Is anyone else using the Hanna ULR? I think I got a bad batch of reagents. my Phosphate is measuring 35,28, 34 and 38 over my last 4 tests (2x 9/8 and 2x 9/22). I ran some of my DI through a test (I keep it in those squirt bottles for cleaning the testing equipment) - it came back at 21. Also - how long does the glass spectral vials last?

When does the Red Sea Nitrate kit expire? 2nd test in a row where I am reading nitrates that I have never seen before. 9/8 was 2 PPM, 9/22 was also 2 PPM. It could be the filter socks causing it (never ran them either) - but I do change them out 2x per day.

Ok - in the great words of Monty Python - "Get On With It!"

Loses: Rodgers Blue Enchinata (a while ago), JeffBerg's Blue Staghorn (a while ago), Jeff Berg's Ultimate Purple Monster, Emmett's Blue Polyp Purple Tort, JeffBerg's red dragon, Vivid's Icicle Tort, Creative's Green acro, JeffBerg's Miyagi Tort, a few frags of unknowns from Mike, The montipora undata were all pulled and pitched last week.
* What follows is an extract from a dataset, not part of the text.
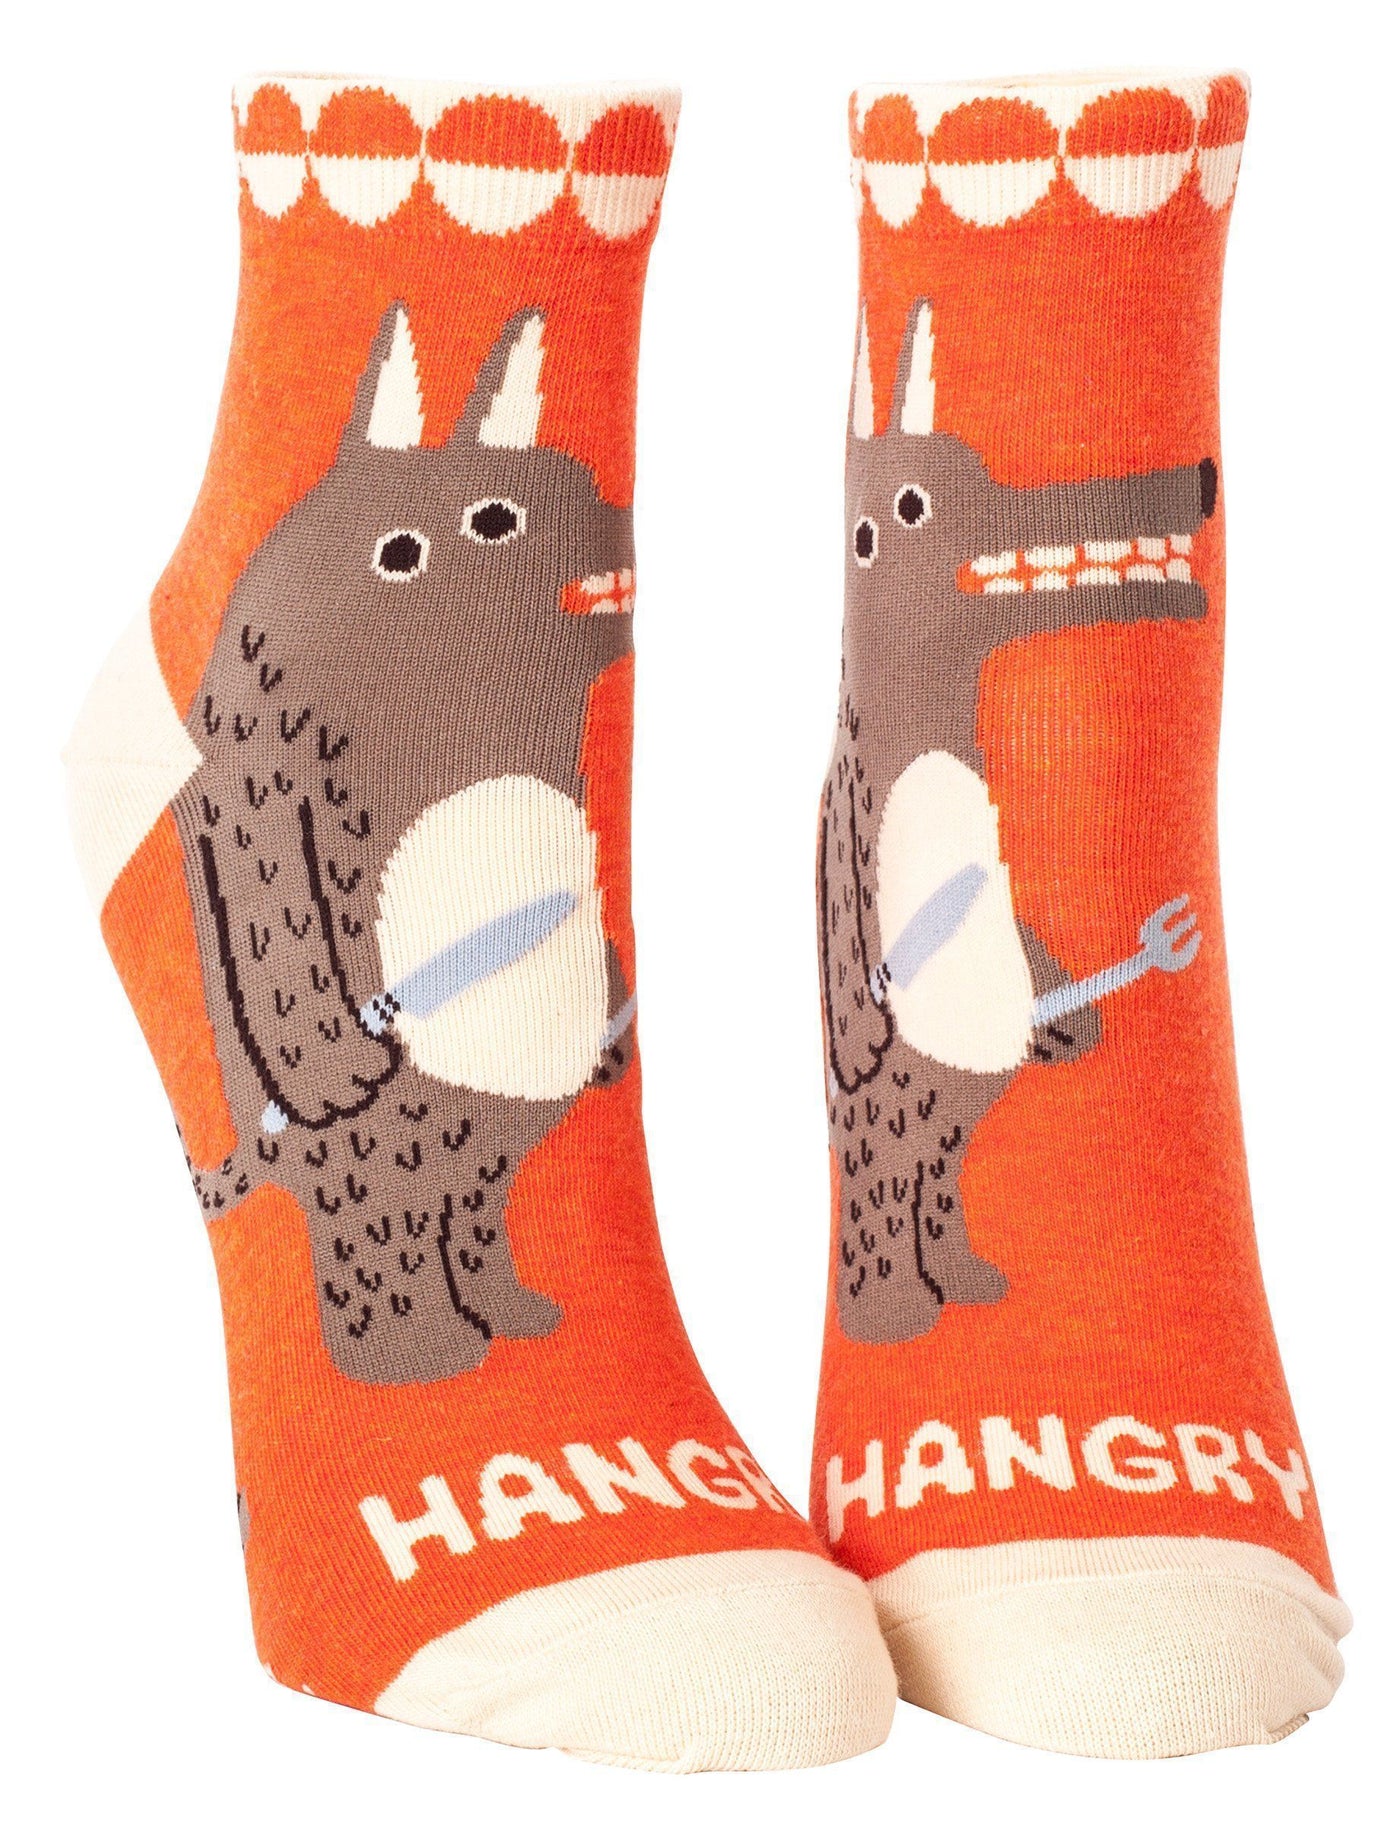 Blue Q - Hangry Ankle Socks | Women's - Knock Your Socks Off

Mostly everything is showing base tissue regression (allthough after yesterday I hope it is in the past). On the way out (unless the salt change helps): JeggBerg's Sherbert Stylo, KCSnooks Purple Stylo, JeffBerg's Ora Pearlberry, Vivid's Ultimate Purple.

The Pink (it may be a setosa) that was my first frag is still going gangbusters as is the montipora confusa, vivid rainbow montipora and Red Montipora Digitata.

I think I can no longer trust Red Sea Salts and Instant Ocean salts. While the bulk of the material is normal - there are a few unknowns that make me uncomfortable using them in my tank: The brown sludge that's left over after mixing Instant Ocean (I'm told these are clay binders used to keep the material from clumping / force some materials to stay in solution) and the unknowns of using dried red sea salt. Who knows what's left over in that stuff once they dry it out.

I've switched to ESV b-ionic for my 45 gallon water change yesterday and noticed a few promising events. The Black Spiny sea urchin that hitch hiked in on my live rock started to spawn. a few white strings comes out of it and it spews sperm into the water. Definitely cool to see.

Most of the corals too showed signs of life I haven't seen before. The red planet put out some tentacles (not polyps - these looked like mucus strings) So did the Montipora Confusa, the red digitatas. The sherbert appears to have full polyp extension today on the areas that aren't recessed.

I think things are looking up. I'm upset to have lost soo much - but I still have alot fighting and I have a few that have been with me since the beginning that are thriving. ESV may be harder to mix and more expensive - but it does appeal to me as I can identify every ingredient I'm putting into the tank.